De traperos, heresiarcas y hombres de Dios (14)

Un incómodo silencio se hizo de pronto entre aquellos dos antiguos judíos que se habían tornado en conversos por diversos condicionamientos. Uno por su mala cabeza y encontrarse atrapado en un callejón sin salida, sin tener crédito de sus compañeros de fe ni amigos que avalaran las deudas contraídas desde la muerte de su valedor; otro por los miedos que le suscitaron la reciente llegada a su ciudad del tribunal del Santo Oficio.

Fotografía de Fregenal de la Sierra (Badajoz), destacando su castillo templario (Fuente: Ayuntamiento de Fregenal de la Sierra)

Todo ello quedaba incluso personalizado en la figura de un religioso, que bien conocía aquel arzobispado sevillano. Era el mismísimo demonio para él. El inquisidor no era otro que el doctor en decretos don Francisco Sánchez de la Fuente. No suscitaba demasiados buenos recuerdos para Juan de la Sierra su aparición en Ciudad Real, aunque tampoco gozaba de las simpatías del otro compañero de aquel terrible tribunal, el licenciado en Santa Teología don Pedro Díaz de la Costana, inquisidor ordinario.

Aquellos temores impulsarían a llevar unos nuevos derroteros en torno a los cuales giraría el diálogo de Juan y el párroco. A pesar de la conversión de ambos, sabían el peligro que corrían por un futuro decreto de expulsión que provocaría la fuga de muchos de sus compañeros de religión, otros convertidos e incluso los que desgraciadamente debía perecer al no darles tiempo a elegir ni uno ni otro rumbo.

-Dime entonces, Juan. ¿En qué puedo ayudarte si ambos estamos sometidos a la misma amenaza?

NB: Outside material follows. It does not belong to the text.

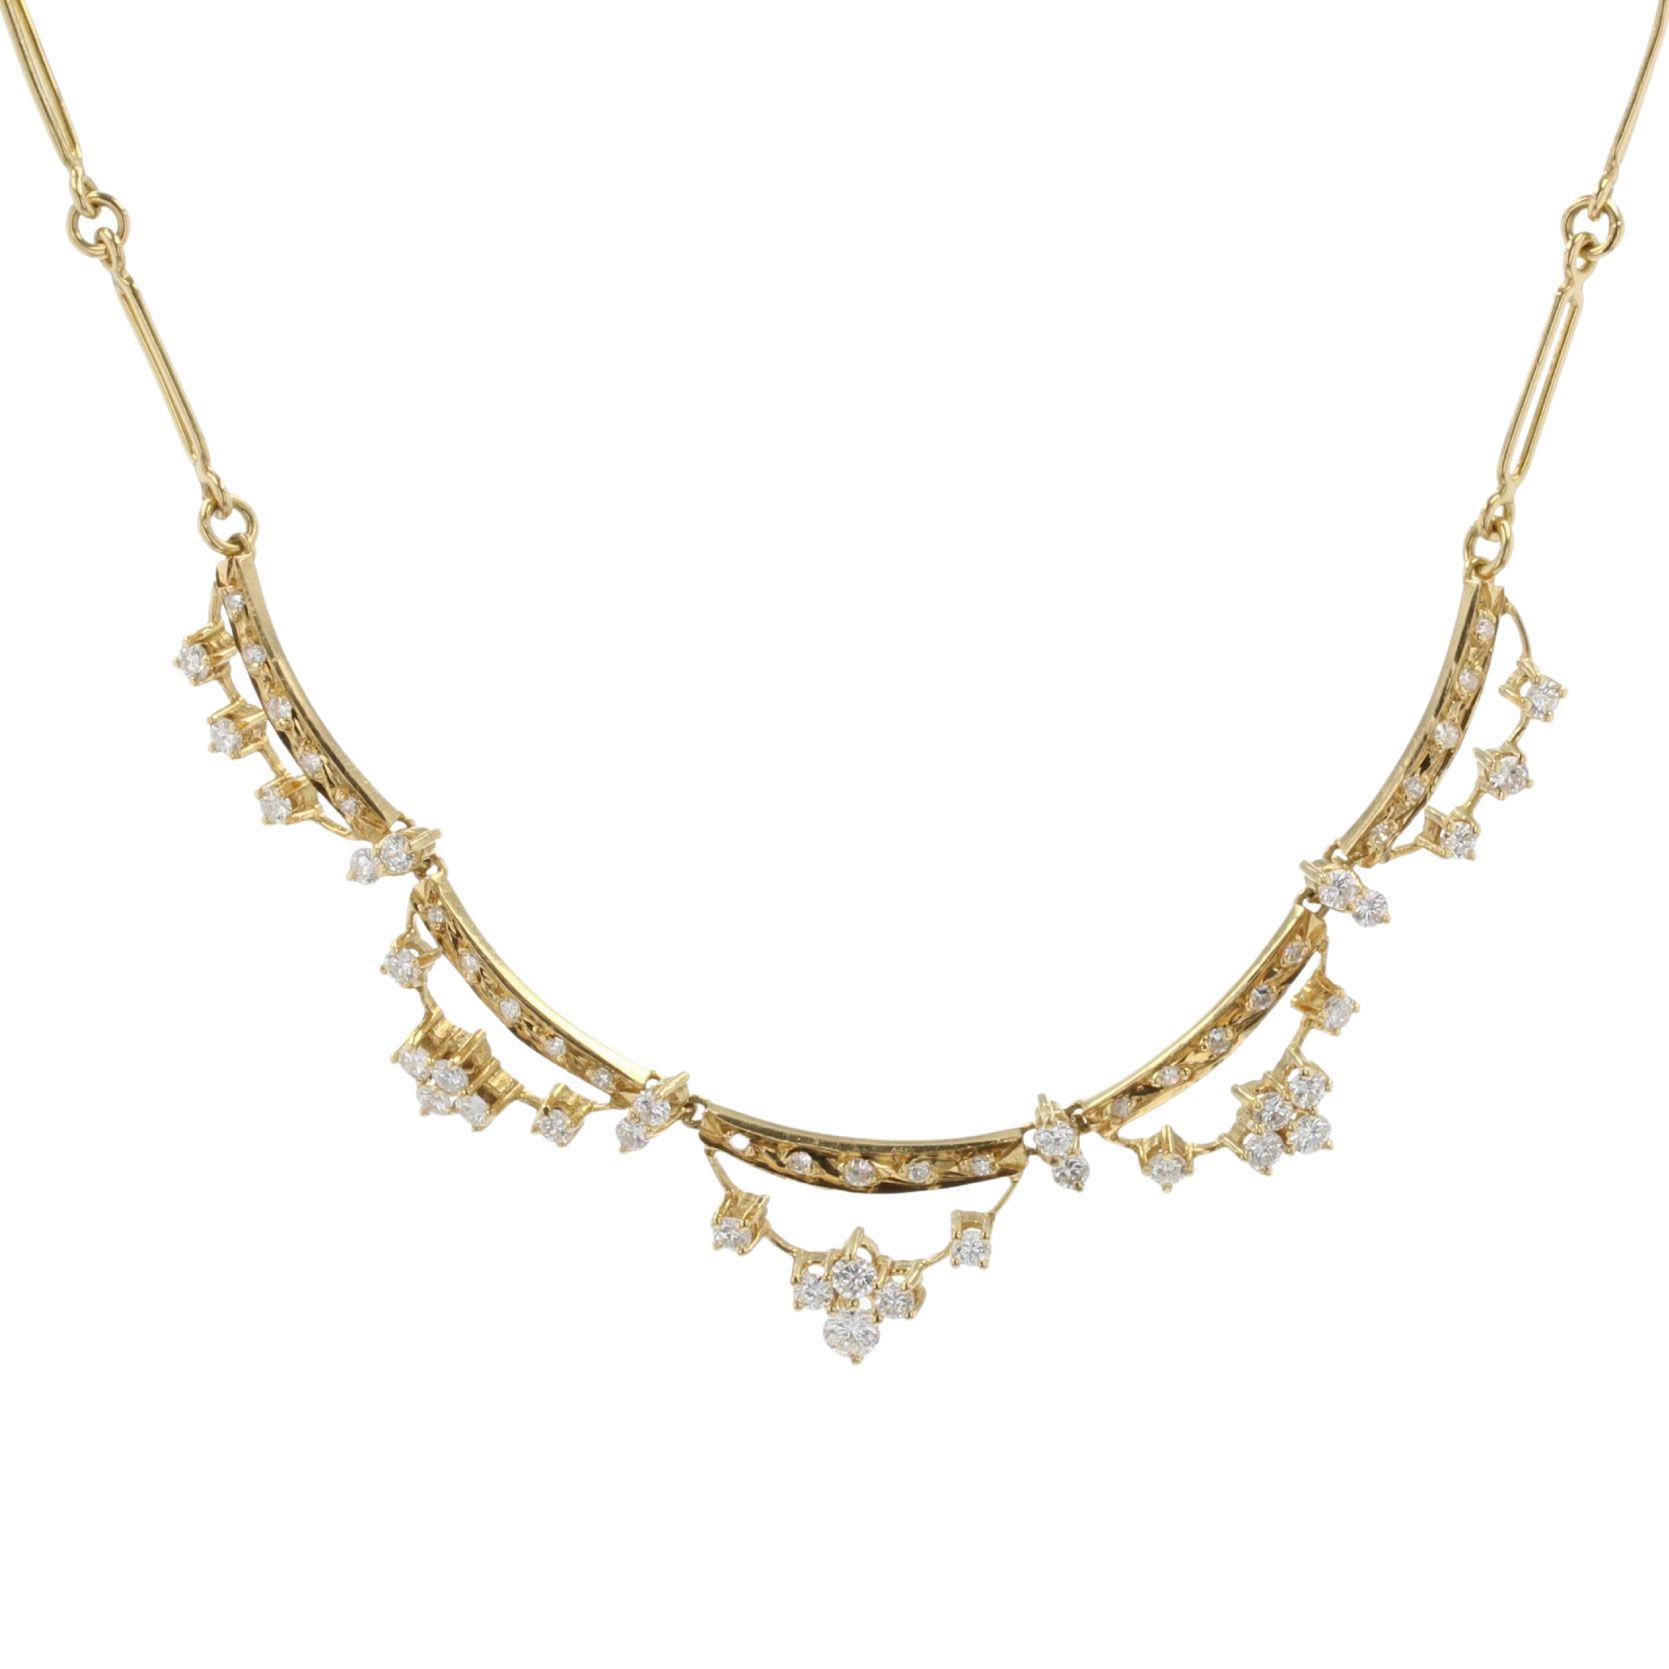 Collier diamants et or jaune collerette

-Verá, pater, un hábito siempre da más respeto a la hora de servir de carta de presentación a las palabras que uno pueda expresar. Las garantías de ser creíble entre los que son de mi sangre, y que me consideran ya un gentil, son más bien escasas, aunque la línea que une a una madre con un hijo, aquel cordón umbilical que se cortó físicamente al nacer es difícil que se rompa en realidad a pesar de las pruebas a las que se vea sometida su confianza. No puedo pensar en quién más podría ayudarme en tan difícil tesitura pues de mis familiares la única en la que ahora podría confiar es mi propia esposa, además de estar bajo mi responsabilidad el cuidado de mis dos jóvenes hijas.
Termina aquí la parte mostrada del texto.